Clause 18 – Dangerous Goods In accordance with the Hague-Visby Rules Article 4.6, the Clause provides the Carrier with various remedies to dispose of the dangerous goods in the event the consignor fails to provide the necessary information on such goods and of which the Carrier is unaware. In addition, the consignor shall be liable for and hold harmless the Carrier for all loss, damage, delay or expenses that may arise from the carriage of dangerous goods.

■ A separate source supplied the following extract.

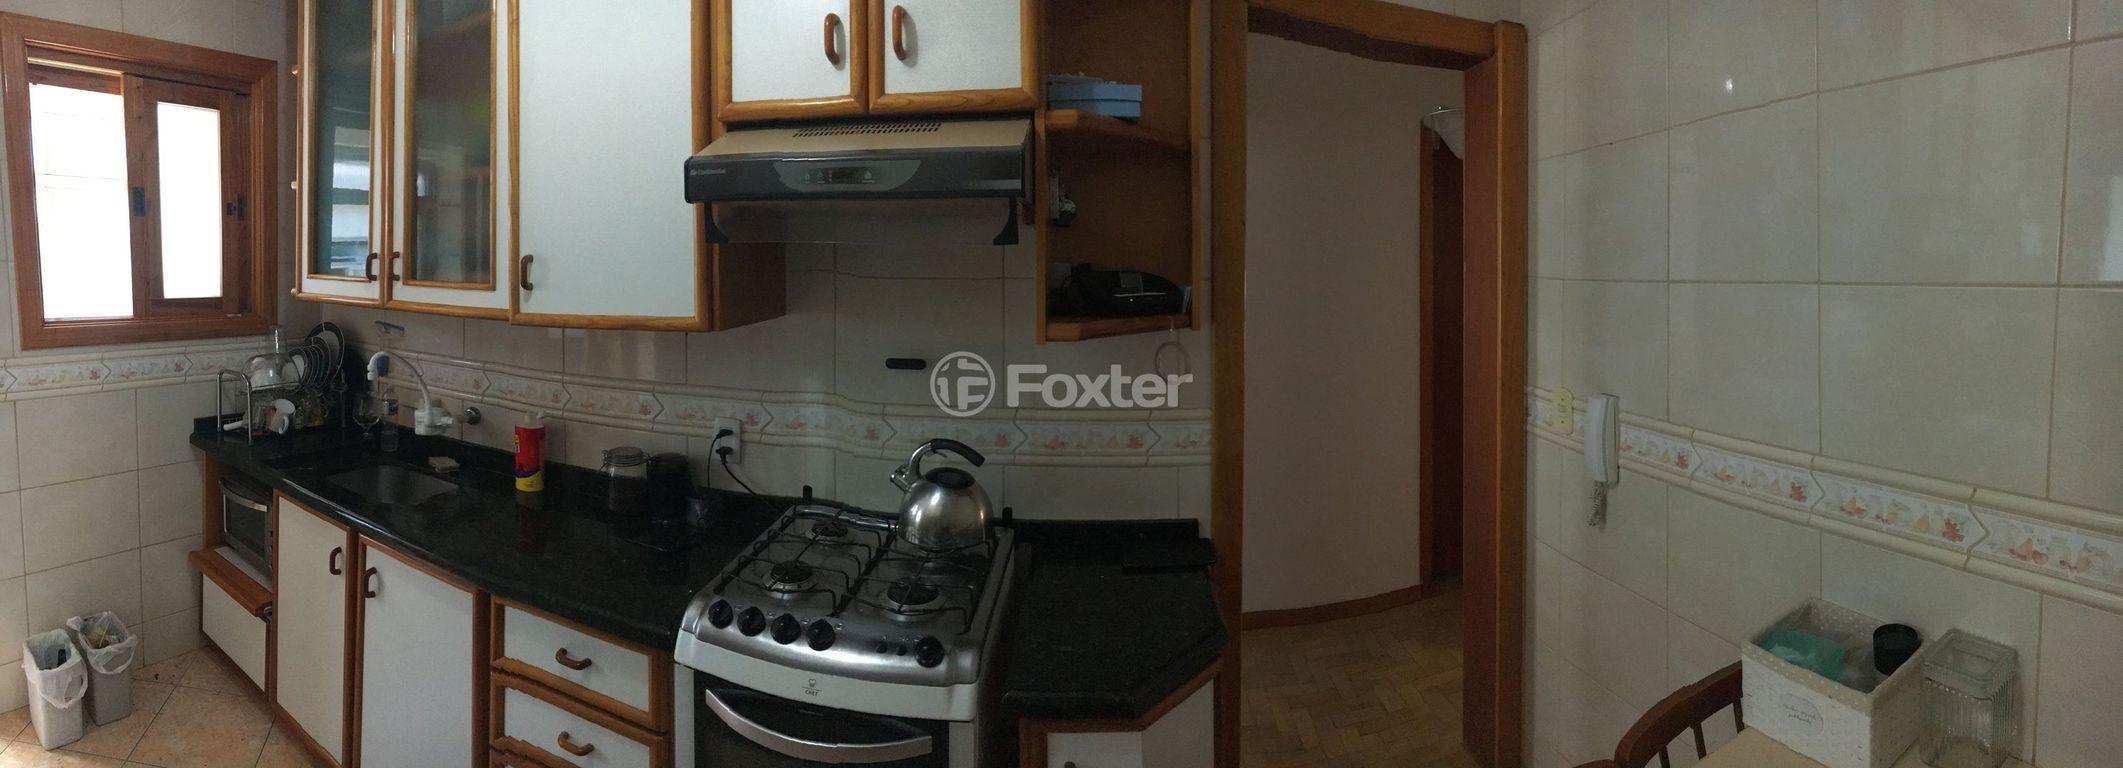 Foxter Imobiliária - Apto 2 Dorm, Cristo Redentor - Foto 7

Clause 19 – Return of Containers Sub-clause (2) sets out the basic responsibilities of the consignor and the consignee to redeliver within the time prescribed in the Carrier’s tariff, containers, pallets or similar articles of transport to the Carrier in a clean state and in the same good order and condition as when received, normal wear and tear excepted. Sub-clause (3) (a) deals with the loading side of the transport, i.e. the consignor’s liabilities as a result of his non-compliance with the basic responsibilities under (2). As will be seen, the Clause seeks to extend the coverage of the contract of carriage as regards the consignor’s responsibilities for containers, pallets or similar articles of transport during the period between handing over to the consignor and the return to the Carrier of such articles, which would otherwise not be covered by contract of carriage. Sub-clause (3)(b) deals with the discharging end of the transport, i.e. the consignee’s liabilities as a result of his non-compliance with the responsibilities under (2). It should be noted, however, that there may be no legal basis to extend the coverage of the contract of carriage to a third party, such as the consignee, who has no contractual link with the carrier. Since, therefore, it may prove to be difficult, at least in some jurisdictions, to hold the consignee responsible, not being a party to the contract of carriage, sub-clause (b) holds the consignor and the consignee jointly and severally liable for non-compliance with the provisions of (2).
Clause 20 – Freight
Clause 21 – Lien
Clause 22 – General Average
Clause 23 – Both-to-Blame Collision Clause
Clause 24 – U.S. Trade The Clause further makes it clear that in the event the U.S. COGSA applies, the Carrier shall in no event become liable for loss of or damage to the goods in an amount exceeding the statutory limits, i.e. USD 500 per package or customary freight unit.